Moin Elmar , das ist auch heute noch so. Ja in den 80zigern war das eine große Zucht mit Top abgewachsenen Fischen. Heute alles verkleinert auf denke 1/3. War interessant wenn irgendwo ein Kleinfisch 10 / 15cm am Rechen lag  den dann ins Becken zu werfen und dann kamen die großen Regenbogen an und man konnte sehen wie sie die fressen. Aber gejuckt in der Wurfhand nö. Fahren auch heute noch hin zum Roerbaeksö. Zum Fischwilderei kann ich nur sagen, das wir im Frühjahr in der Schonzeit zwei Angler im Meerforellengewässer erwischt haben. Die waren so dreist , von wegen, machen wir immer so, keine Papiere dabei , angeblich im Verein usw. O.K dann Polizei , Anzeige da auch nicht im Verein und auch nicht einsichtig , sonst hätte man nur ermahnt. Zur Krönung wurde das ganze eingestellt von der Staatsanwaltschaft : 
ich habe das Strafverfahren gemäß § 153 Abs. 1 Satz 2 STPO eingestellt, weil die Schuld und die durch die Tat verursachten Folgen als gering anzusehen wären und kein öffentliches Interesse an der Verfolgung besteht.

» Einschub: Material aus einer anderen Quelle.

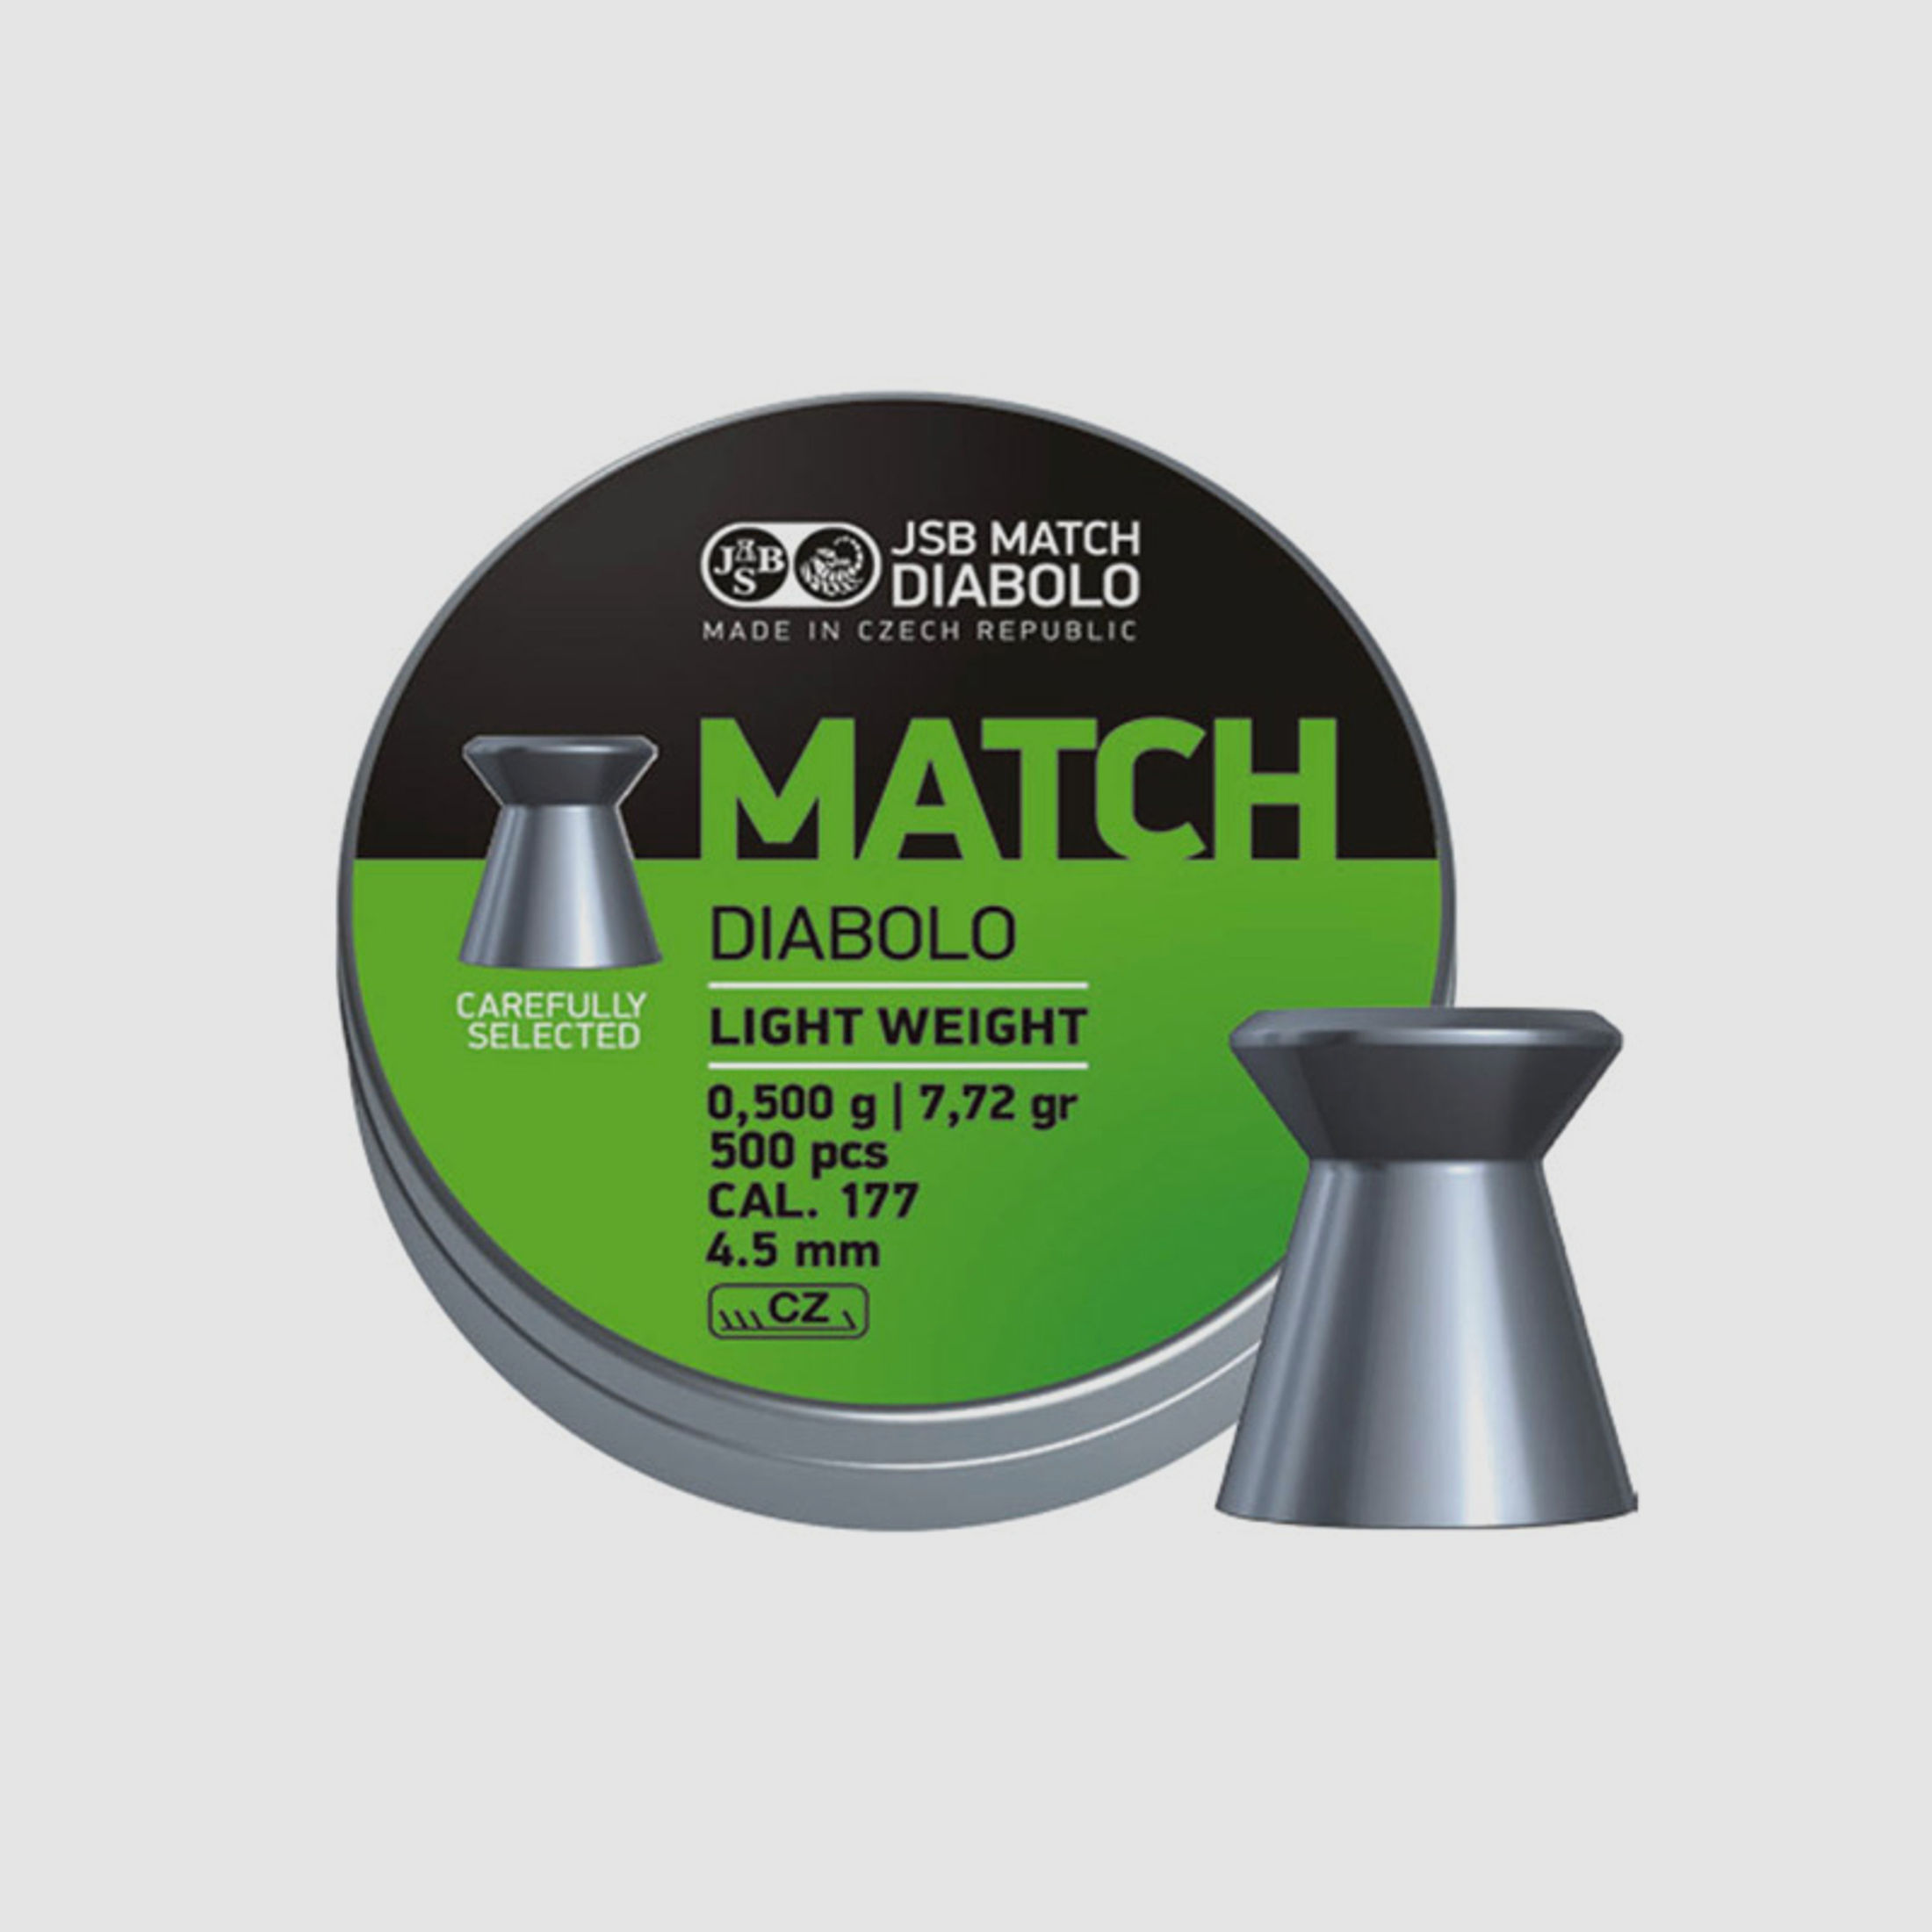 Flachkopf Diabolos JSB Match Light Kaliber 4,52 mm 0,475 g glatt 500 StĂĽck

Dabei habe ich Folgendes berücksichtigt :
Die verschuldeten Auswirkungen der Tat sind nicht so bedeutend, dass es einer strafgerichtlichen Ahndung bedürfte.
Soweit das Verhalten des Beschuldigten den Verdacht einer Ordnungswidrigkeit begründet, habe ich die Sache zur eventuellen Ahndung an die zuständige Verwaltungsbehörde abgegeben. 
Da fällt einem nix zu ein, war ja kein Klein Kind oder unwissend, wobei das es Schonzeit war usw. hat ihn nicht gejuckt.
T& L 
Peter


----------